GOAL OF THE EXERCISE: Look in the data below for the line that has "Select all that are correct.", then print exactly every line from there through the line that has "The arrangement of sp3", leaving pictures out.

INFORMATION:
=======
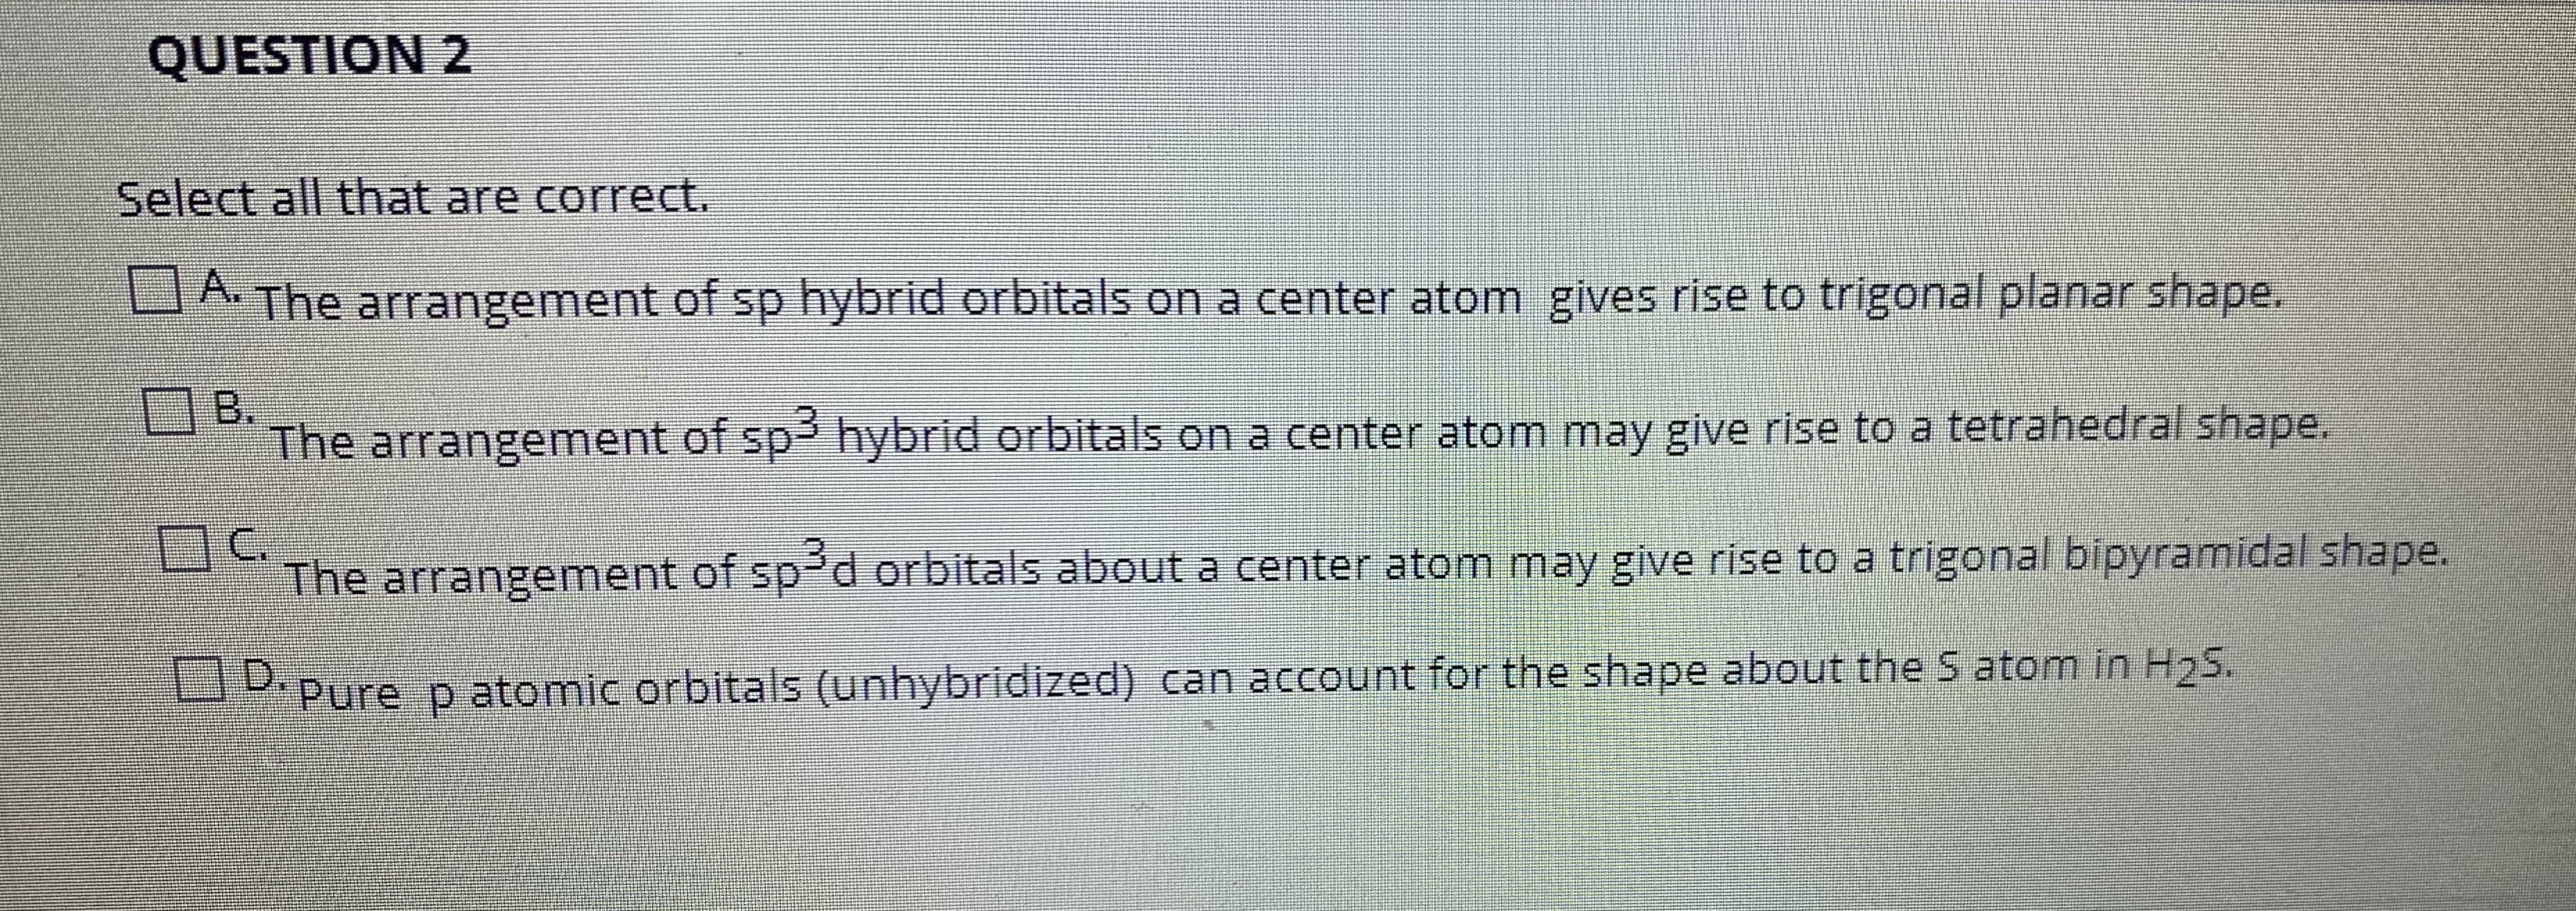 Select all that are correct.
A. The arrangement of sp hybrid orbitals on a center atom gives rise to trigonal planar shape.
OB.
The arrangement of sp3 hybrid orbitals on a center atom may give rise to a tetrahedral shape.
=======
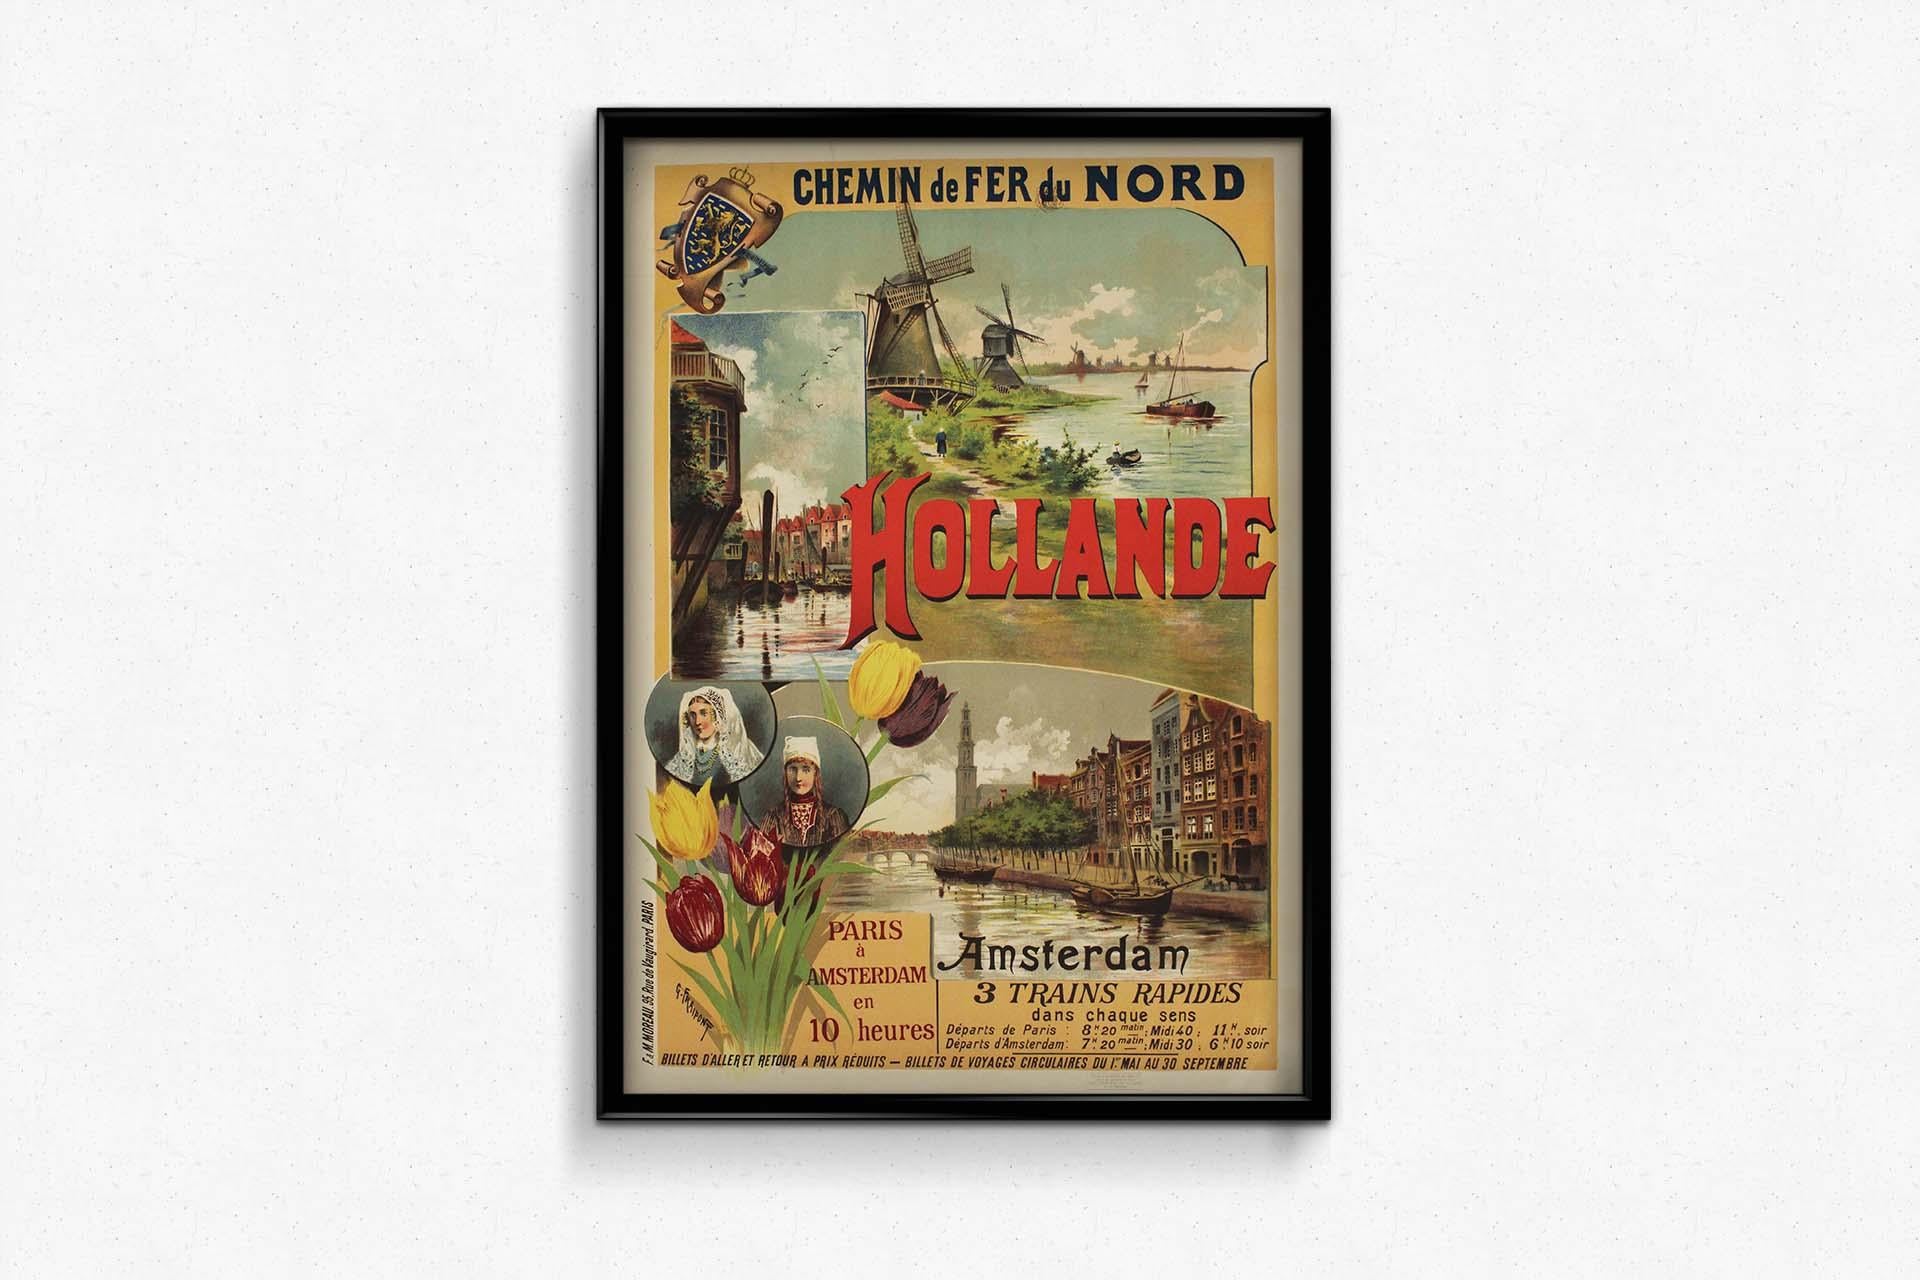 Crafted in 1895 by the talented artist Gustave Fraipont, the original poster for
=======
RESPONSE FOR THIS EXERCISE:
 Select all that are correct.
A. The arrangement of sp hybrid orbitals on a center atom gives rise to trigonal planar shape.
OB.
The arrangement of sp3 hybrid orbitals on a center atom may give rise to a tetrahedral shape.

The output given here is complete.